### Provided data
*** Block opens ***

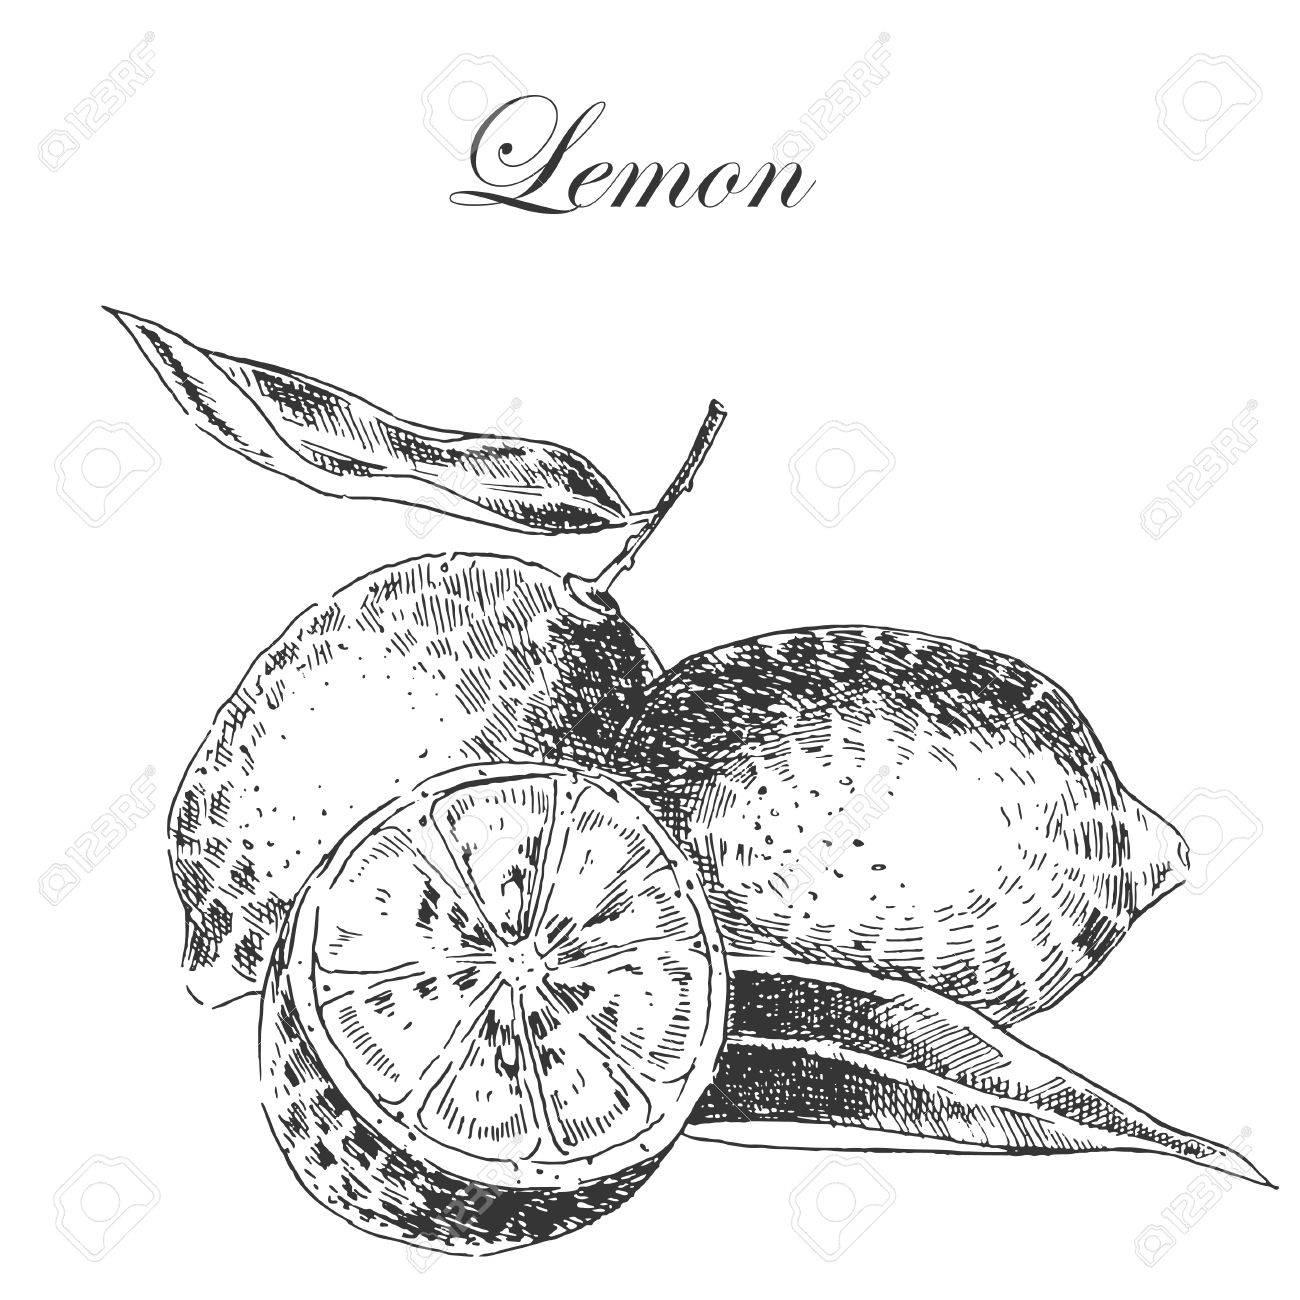 1300x1300 Vector Lemon Citrus Hand Drawn Sketch In Ink And Pencil. Retro
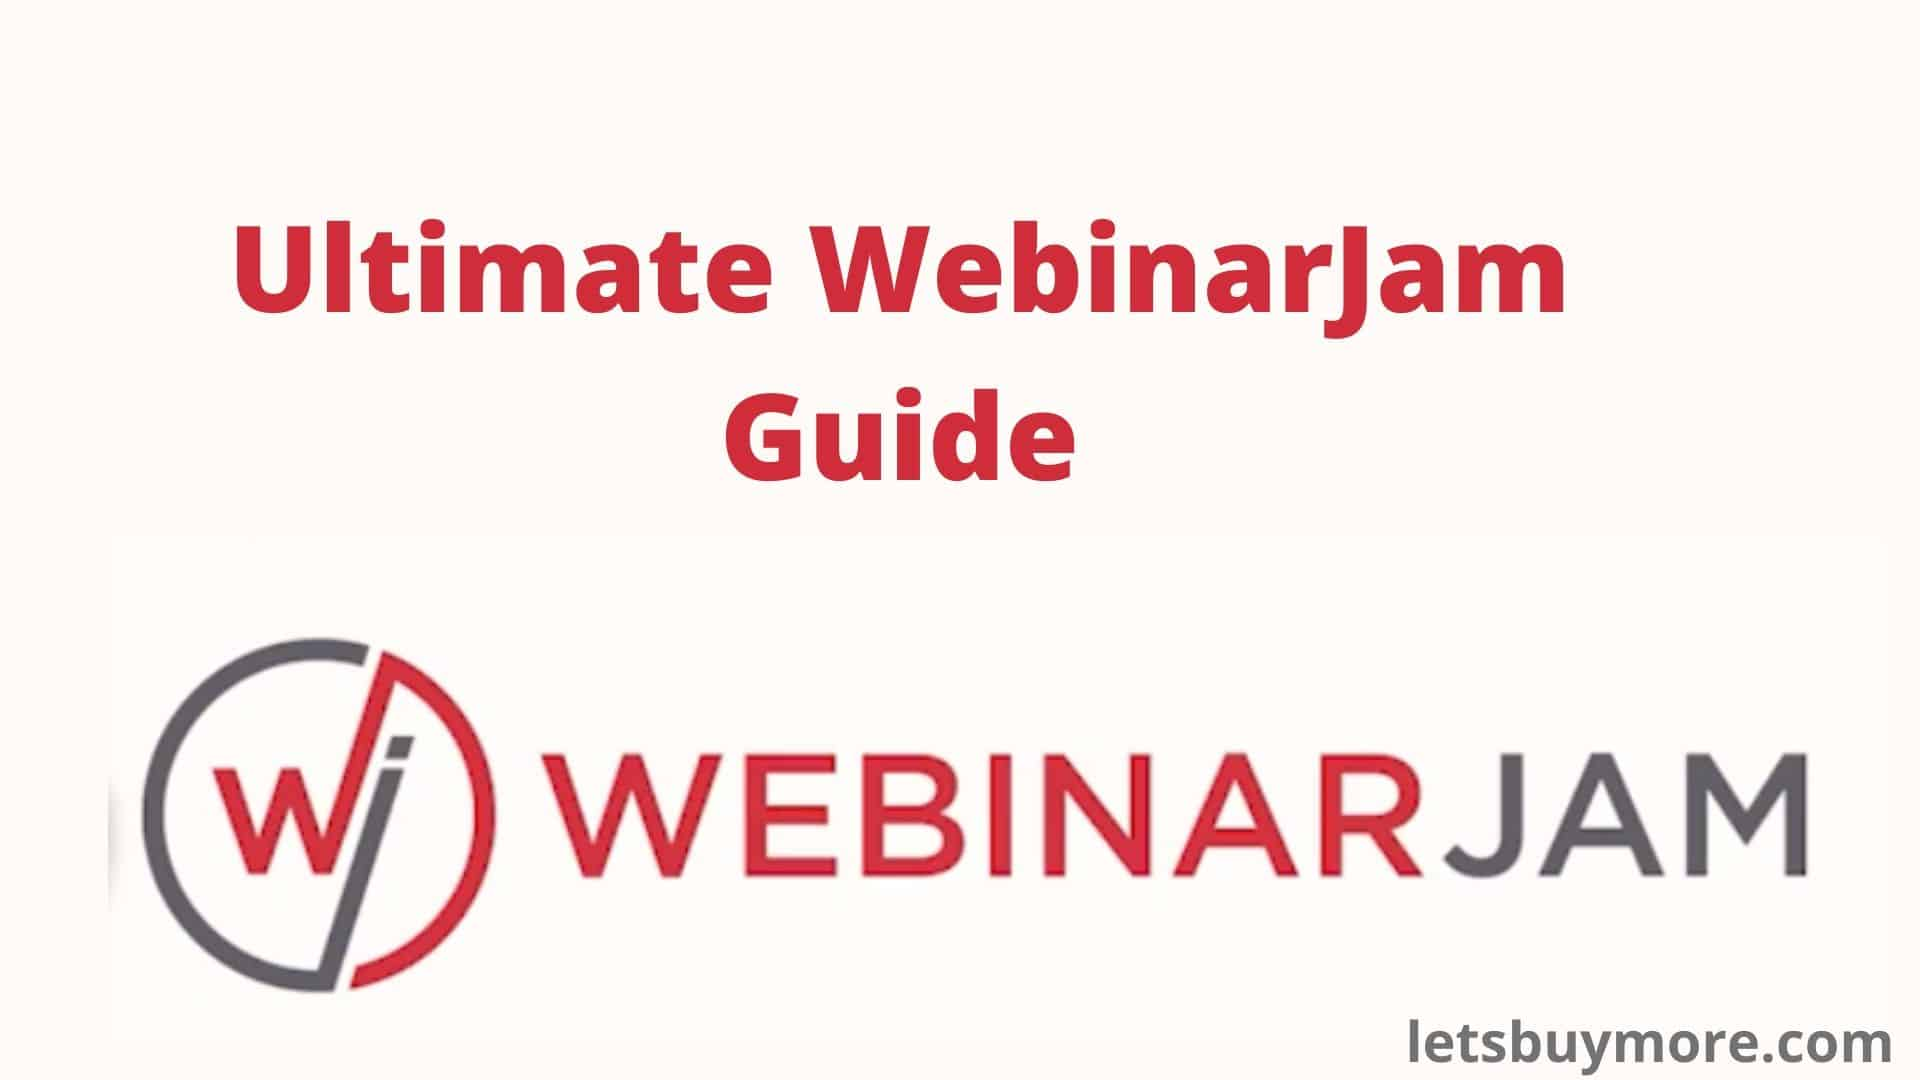 WebinarJam Pricing - Webinar Jam Review Complete Guide
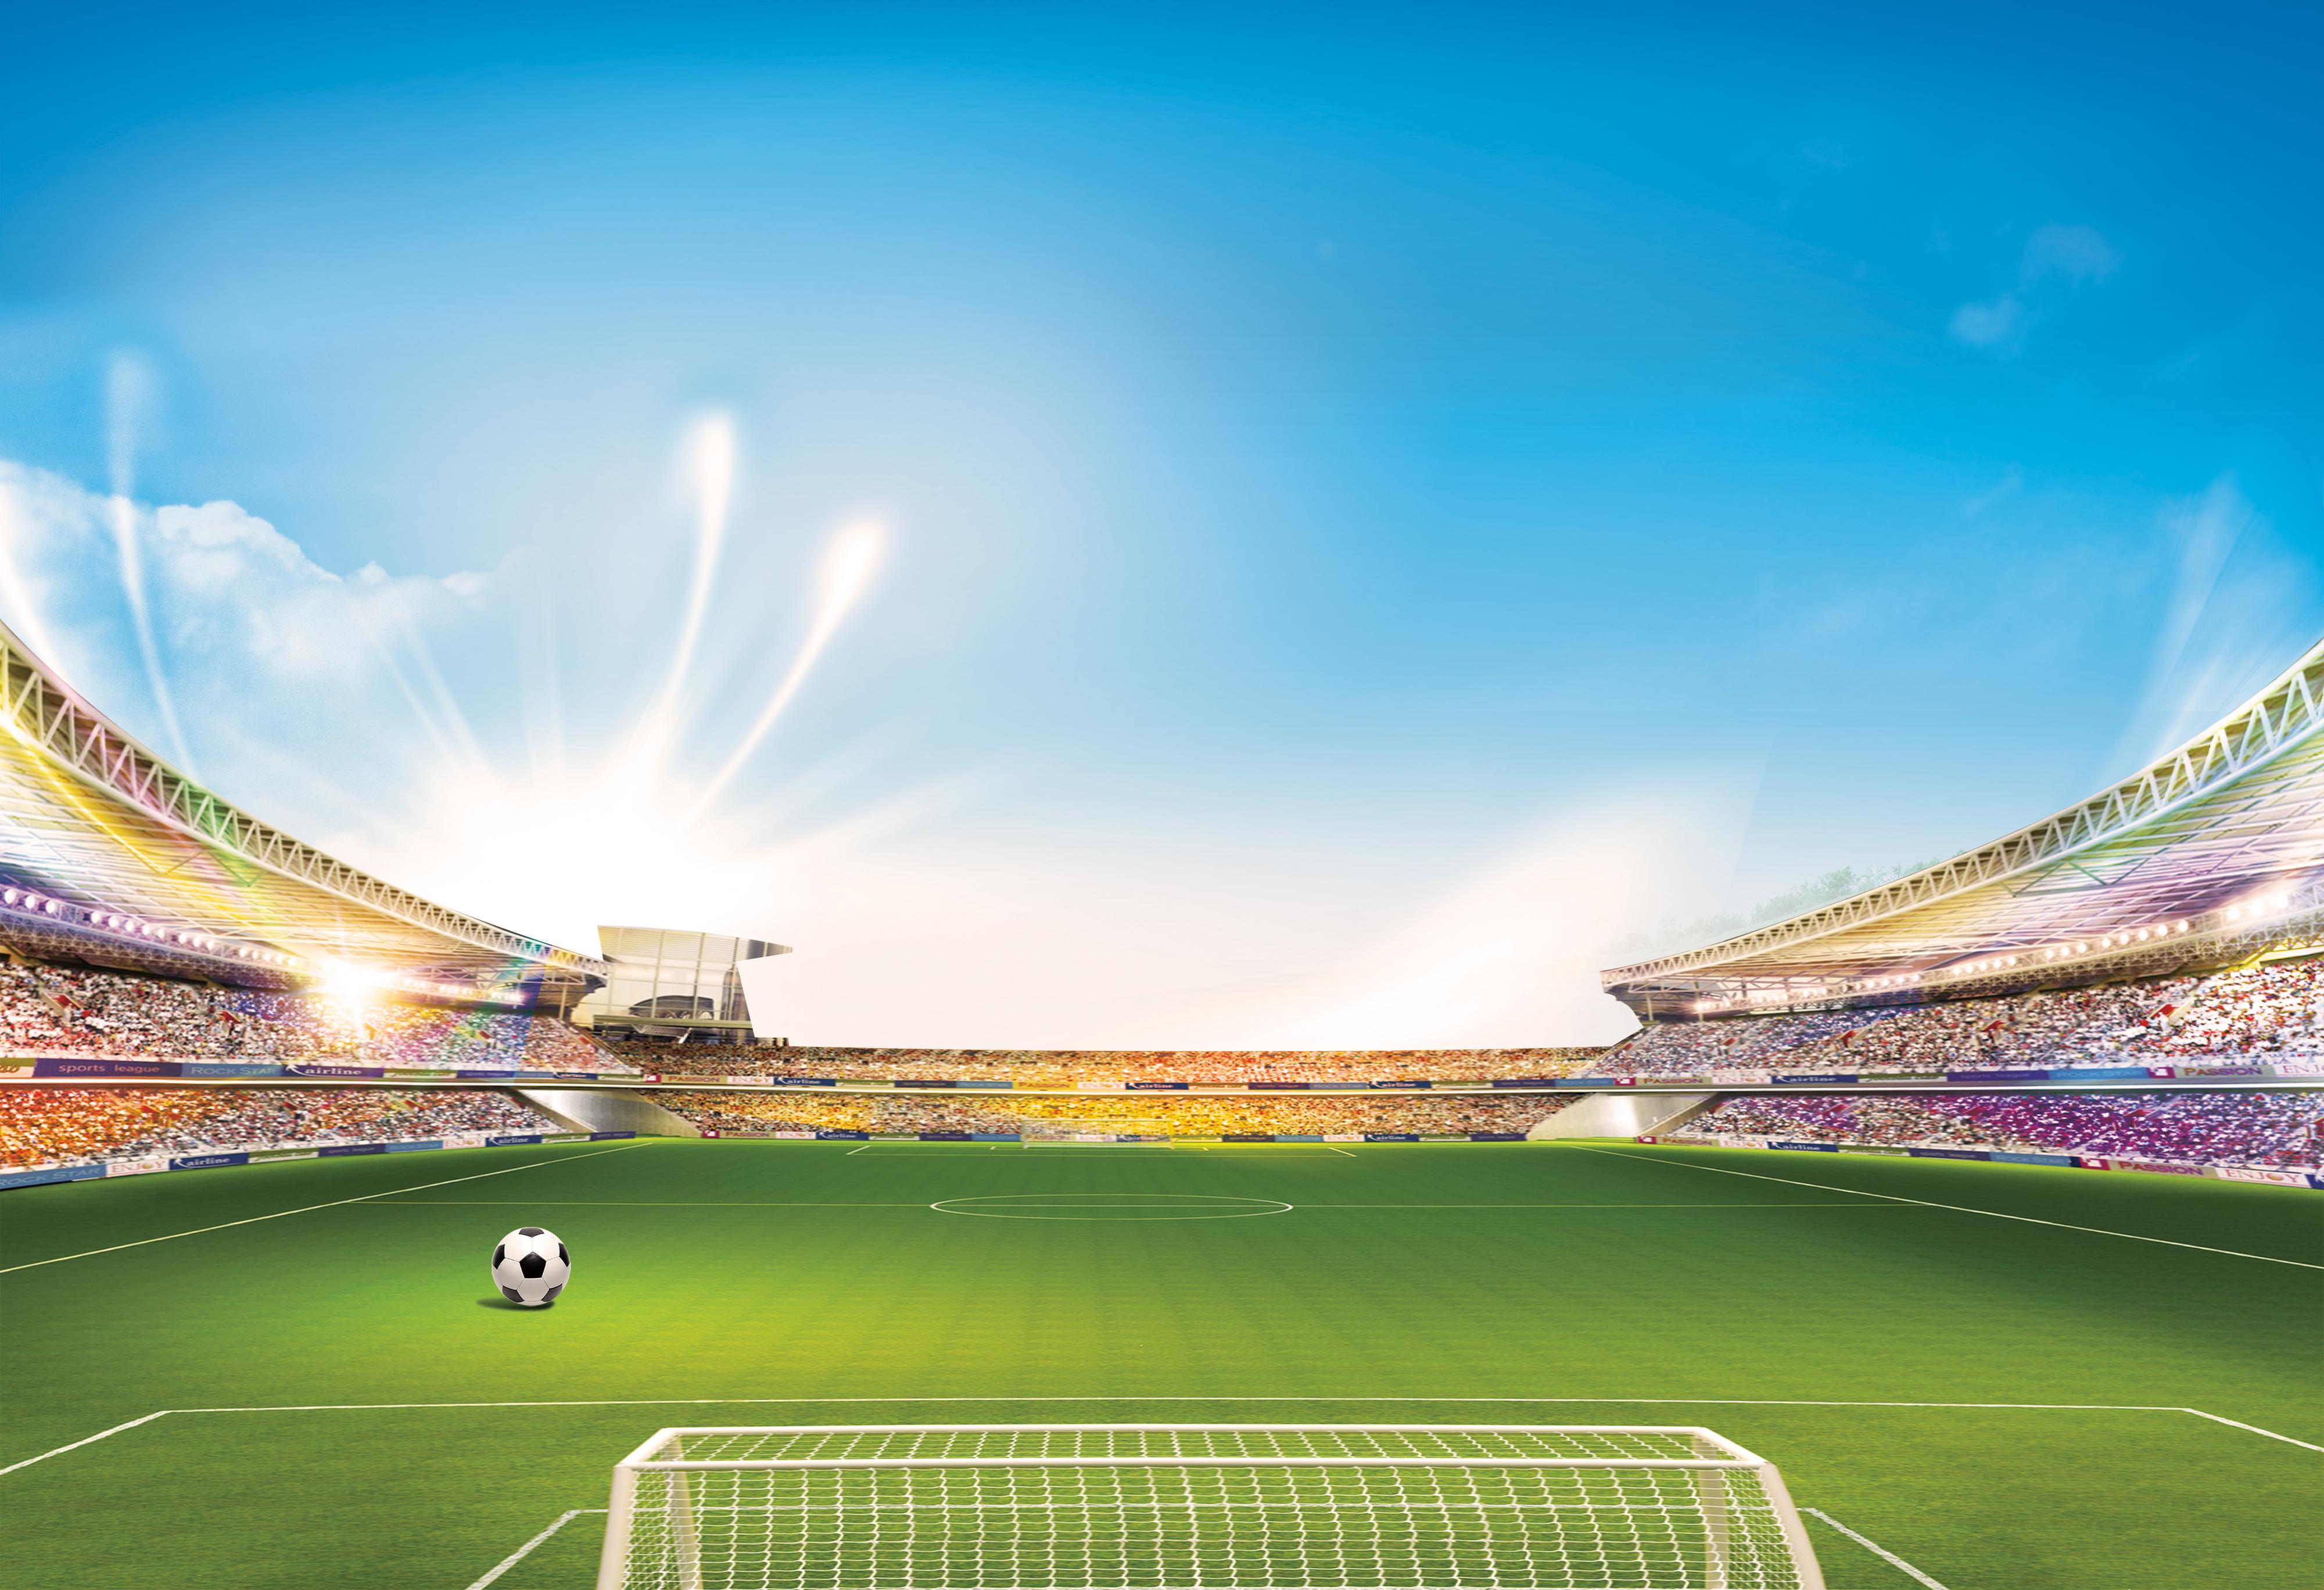 stade de football centre sportif stadium le paysage contexte rural installation de l u0026 39 herbe image

*** Block closes ***

### Work instruction
The output has to match the data above line for line, except that pictures are dropped.

### Task solution
 1300x1300 Vector Lemon Citrus Hand Drawn Sketch In Ink And Pencil. Retro
 WebinarJam Pricing - Webinar Jam Review Complete Guide
 stade de football centre sportif stadium le paysage contexte rural installation de l u0026 39 herbe image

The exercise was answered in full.